Dira tersenyum tipis.

Dira bangun pelan, berhati-hati agar tidak membangunkannya..

Langkahnya menuju kamar mandi terasa lebih ringan.

Kemudian setalh selesai mandi ia ke dapur dan berhenti sejenak di depan kompor.

Gas.

Ia menghembuskan napas kecil, lalu tersenyum sendiri.

Hari ini tidak perlu memaksa memasak.

Di dapur, ia kembali berdiri di depan kompor.

Knop diputar.

Ctek.

Tetap tidak menyala.

Ia tersenyum kecil lupa gasnya gak diganti karena lupa.

“Oh ya lupa gasnya habis” gumamnya pelan.

Ia mengambil dompet dan ponselnya, lalu menulis pesan singkat untuk Andreas yang masih tidur:

“Aku keluar sebentar cari sarapan.”

Ia meletakkan ponsel itu di meja samping tempat tidur agar mudah terlihat.
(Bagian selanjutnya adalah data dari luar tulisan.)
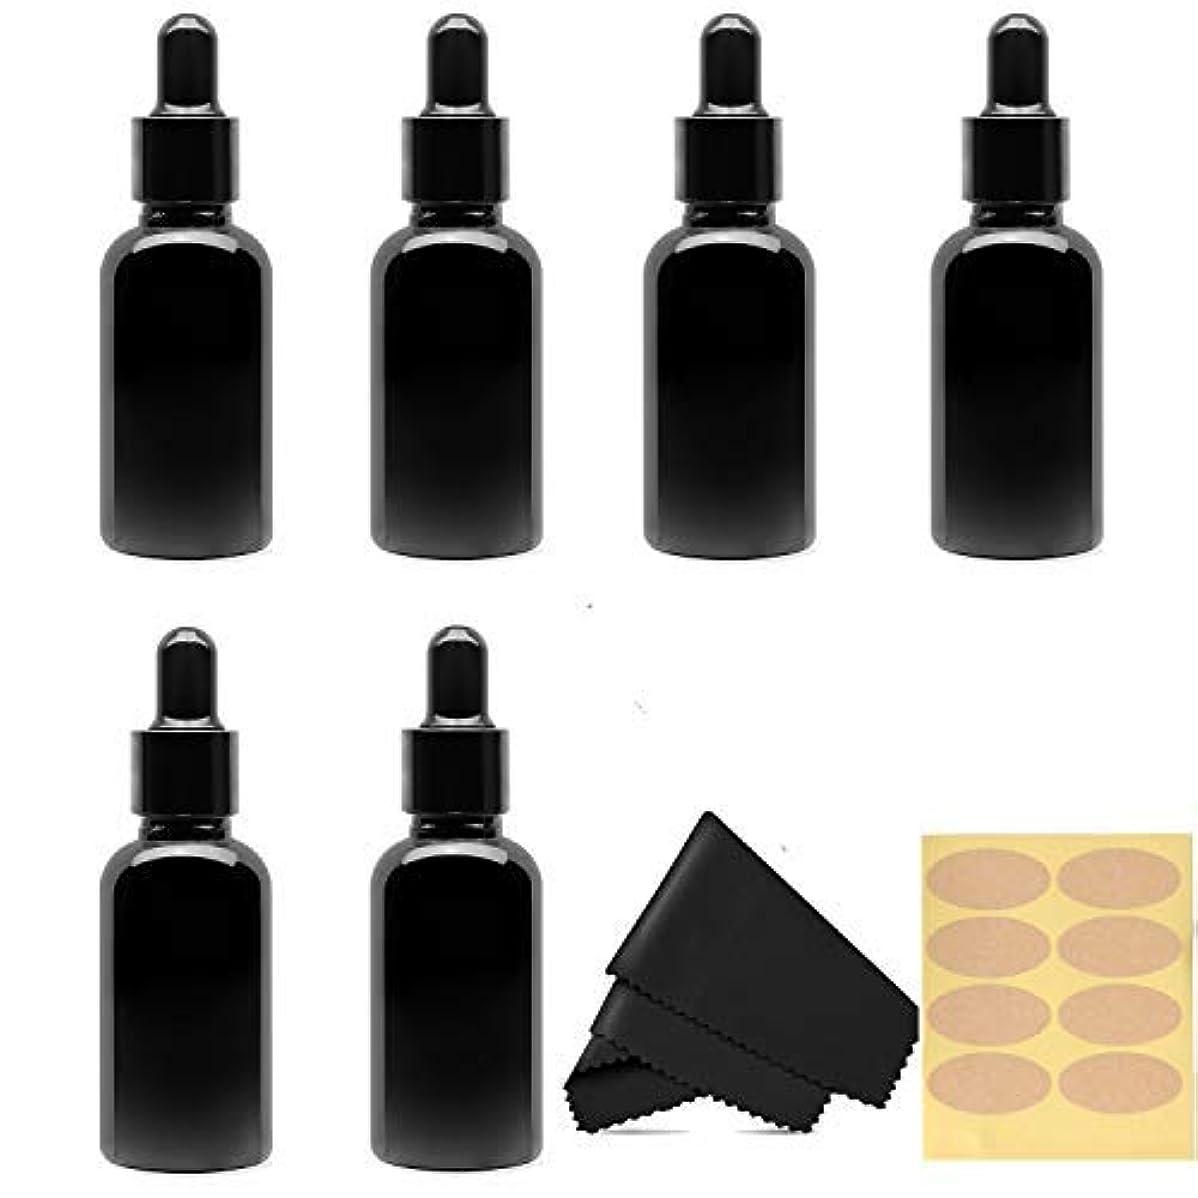 一次墓地批評30 Ml (1 fl oz) Black Glass Essential Oil Bottles with Eye Droppers, 6 Pack [並行輸入品]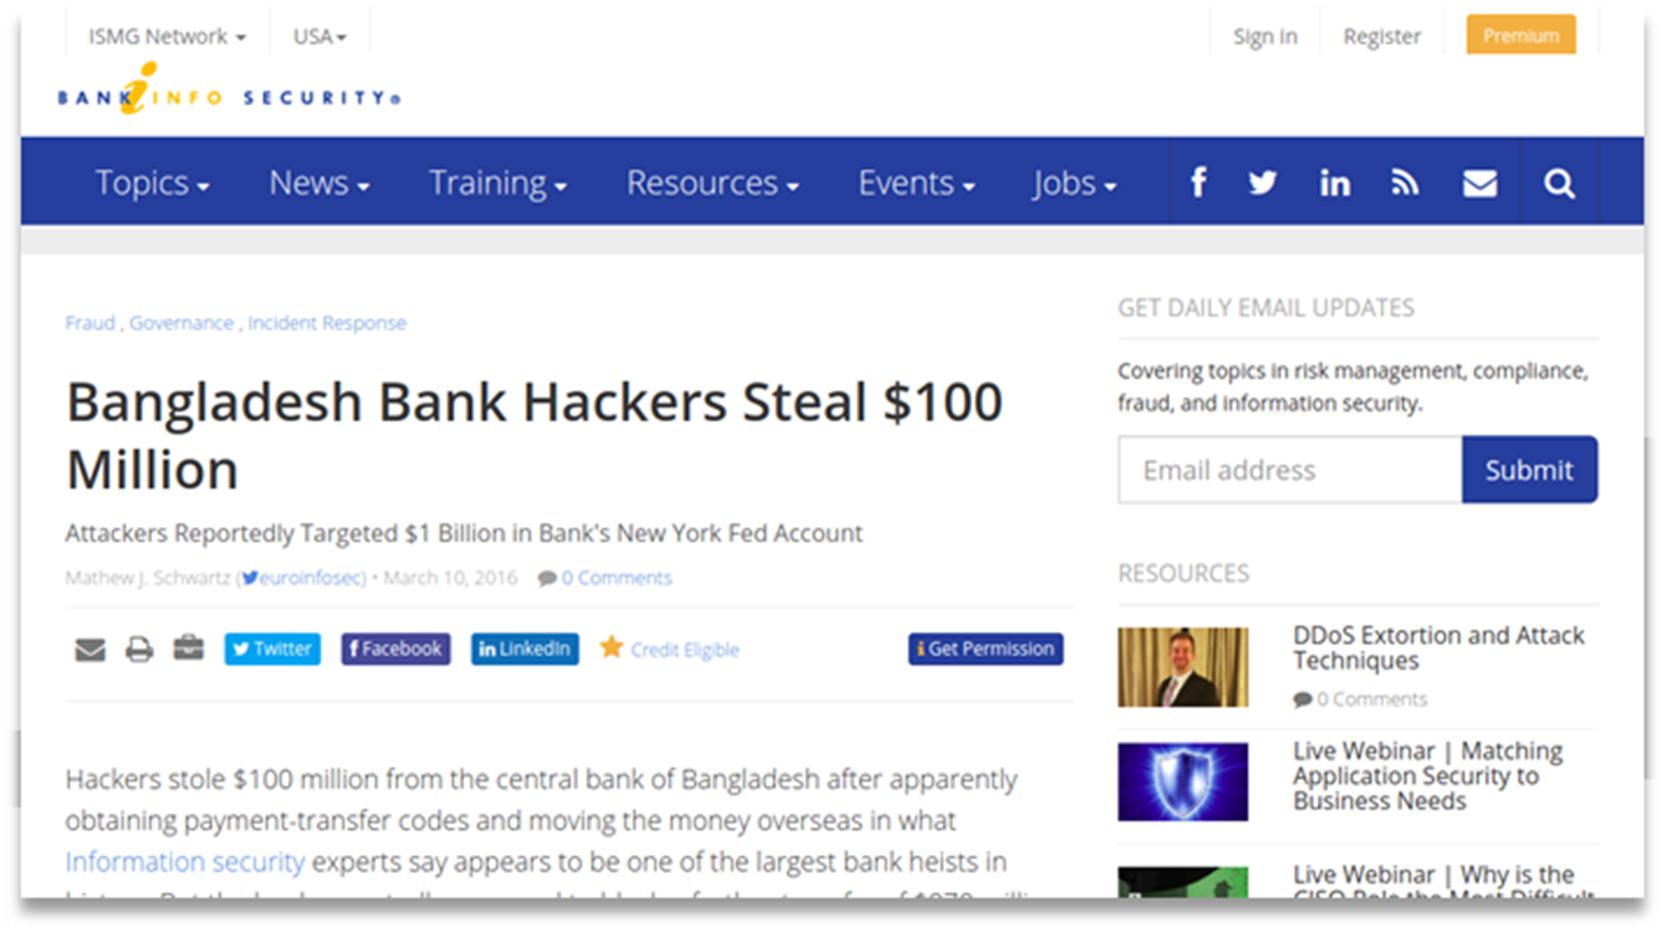 The Bangladesh Bank heist - initial

Udara pagi di luar perumahan terasa sejuk.

Beberapa ibu-ibu sudah berjalan kaki. Ada yang menyapu halaman. Ada yang mengantar anak sekolah.

Dira berjalan pelan menyusuri jalan kompleks.

Ia melihat warung kecil di ujung gang yang tadi malam tidak sempat ia perhatikan.

Aroma nasi uduk dan gorengan tercium samar.

Ia berhenti.

“Pagi, Mbak,” sapa ibu penjual dengan ramah.

“Pagi. Nasi uduknya masih hangat?”

“Masih. Baru matang.”

Dira mengangguk dan memesan dua bungkus.

Sambil menunggu, ia memperhatikan sekitar.

Rumah-rumah yang tampak biasa.

Orang-orang yang menjalani rutinitas sederhana.

Tidak ada yang tahu bahwa di salah satu rumah di belakangnya, dua orang sedang belajar membangun pernikahan dari sisa luka.

Ia menerima bungkusan sarapan dan membayar.

Saat berjalan kembali ke rumah, ia merasa sedikit lebih tenang.

Kadang yang dibutuhkan memang bukan percakapan panjang.

Hanya berjalan sendirian sebentar.

Saat ia membuka pintu rumah, Andreas sudah bangun dan berdiri di ruang tamu dengan wajah sedikit panik.

“Kamu ke mana?” tanyanya cepat.

Dira mengangkat bungkusan plastik di tangannya.

“Cari sarapan. Dekat sini ada warung.”

Andreas menghela napas lega.

“Kamu nggak bilang.”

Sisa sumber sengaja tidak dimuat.